We know that the whole creation has been groaning in labour pains until now….

Romans 8:22

God is to be experienced in art and culture, in everyday reality. But the natural world is a primal place where God is to be met – a ‘precinct of epiphany, the geography of grace’. Just how much a part of my experience of God lies in the natural world? Can I see how ‘the spirit of place’ could draw me away from self-preoccupation, self-absorption and self-fixation? Do I realise just how much I need beauty and space and silence where I can be most truly myself – drawn beyond my ‘small self’ – full of anxiety and issues and pre-occupations – towards the Other, the ‘mysterious infinity at the heart of all things’?

How aware am I of what our planet is facing at present? How seriously do I take environmental deterioration and destruction? Am I teachable? Am I open? Am I aware? Am I concerned? Can I admit I will need converting – not just to realise we are in crisis, but that we all belong to each other, and to our world – which is our home?

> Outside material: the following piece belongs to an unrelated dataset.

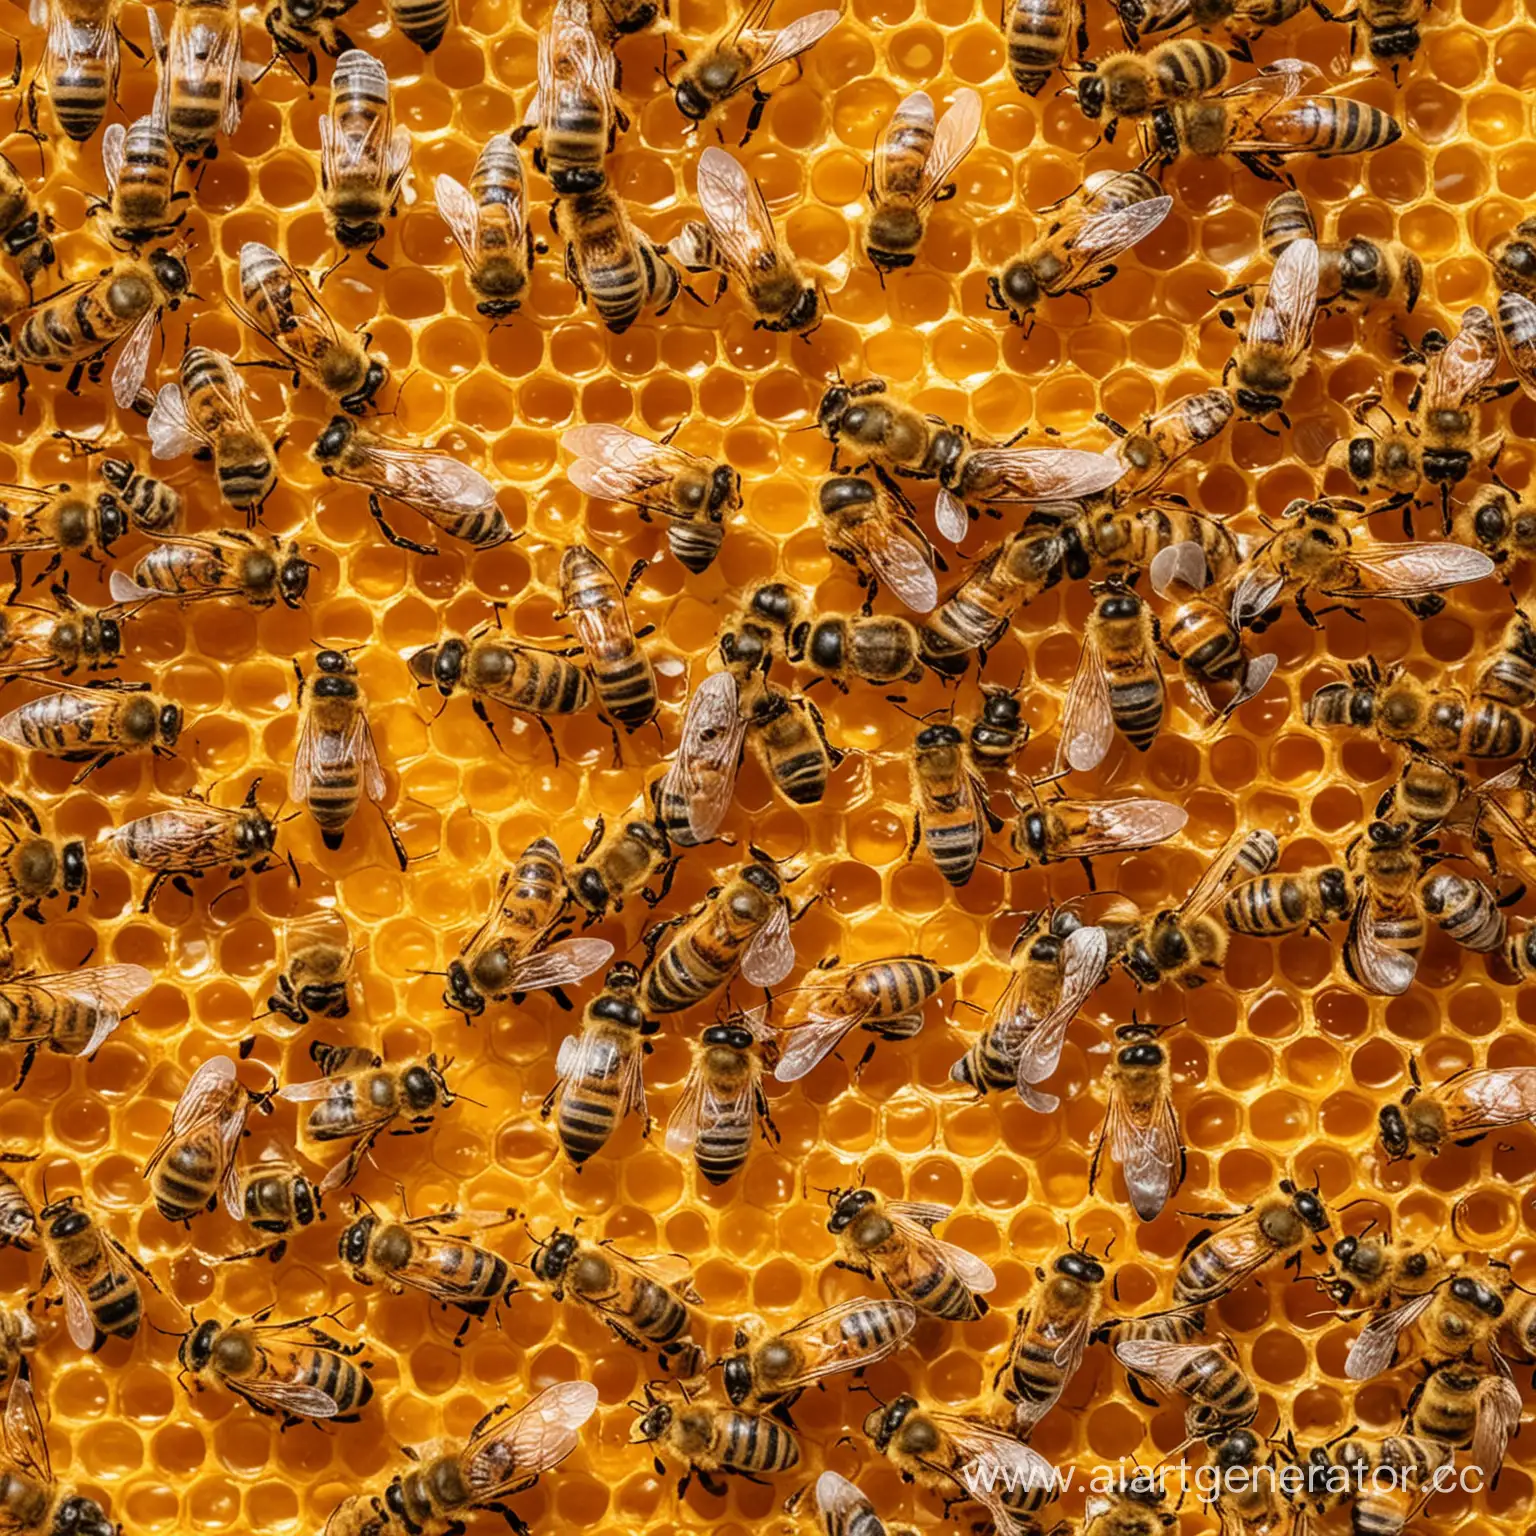 Sunny-Breeze-Bees-Flocking-to-Golden-Honeycombs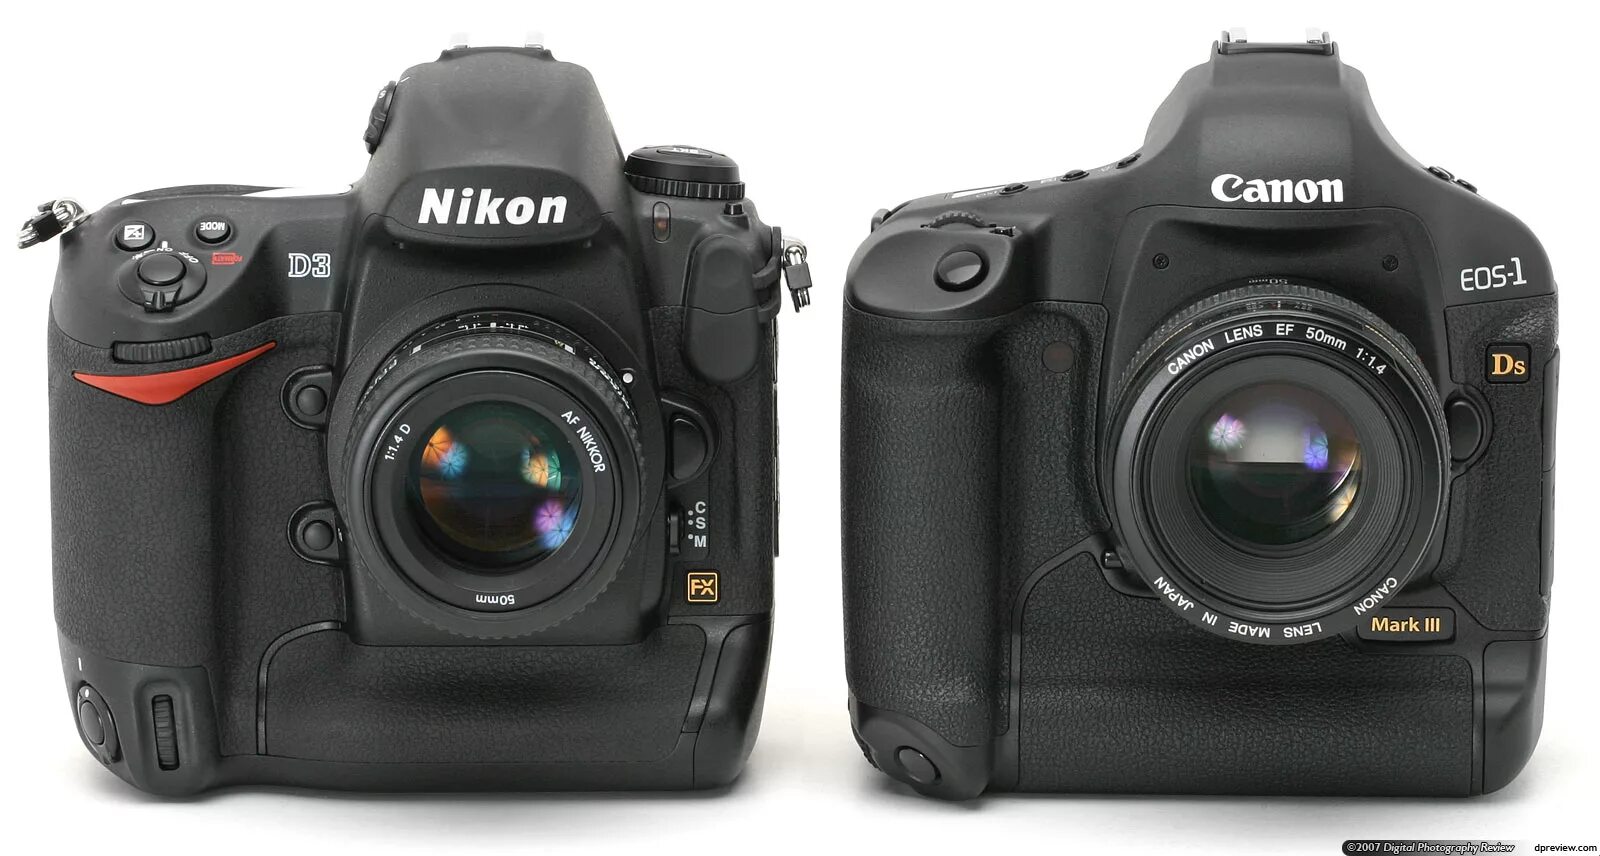 Canon 1ds mark. Canon EOS-1ds Mark III. Canon 1ds Mark 3. Canon 1ds m3. : Canon Mark III ds126321.

Can my prayer be to experience deep within my being my sense of oneness with all living creatures and with the natural world, and to feel its beauty and its fragility, its wonder and its pain.

[People today] find it hard to believe in God
because they do not have available to them
any lively imaginative picture of the way
God and the world….are related.

Denis Nineham

Because nature has become ‘a giant gasoline station, or energy source for modern technology and industry’ we need to develop our imaginations, and imagine options other than technology as a way of dealing with reality and the natural world. Our world is what we know, and it is fundamental to the way we apprehend God – holy mystery. Every creature is a footprint of the Other, bearing a trace of the divine and is in itself a way to God.

Can I re-imagine our world

and so perceive the God who is sacramentally and symbolically present in all the realities of the natural world?

Can I be patient towards mystery?

Can I let go of the often insatiable need to ‘fix, control or understand’ and simply ‘be’-

to be open, and wake up to the fact that ‘The meaning is in the waiting’?

Can I ‘find myself addressed, and being addressed, find myself’?

For a printable PDF of the text of this meditation please click on the link below.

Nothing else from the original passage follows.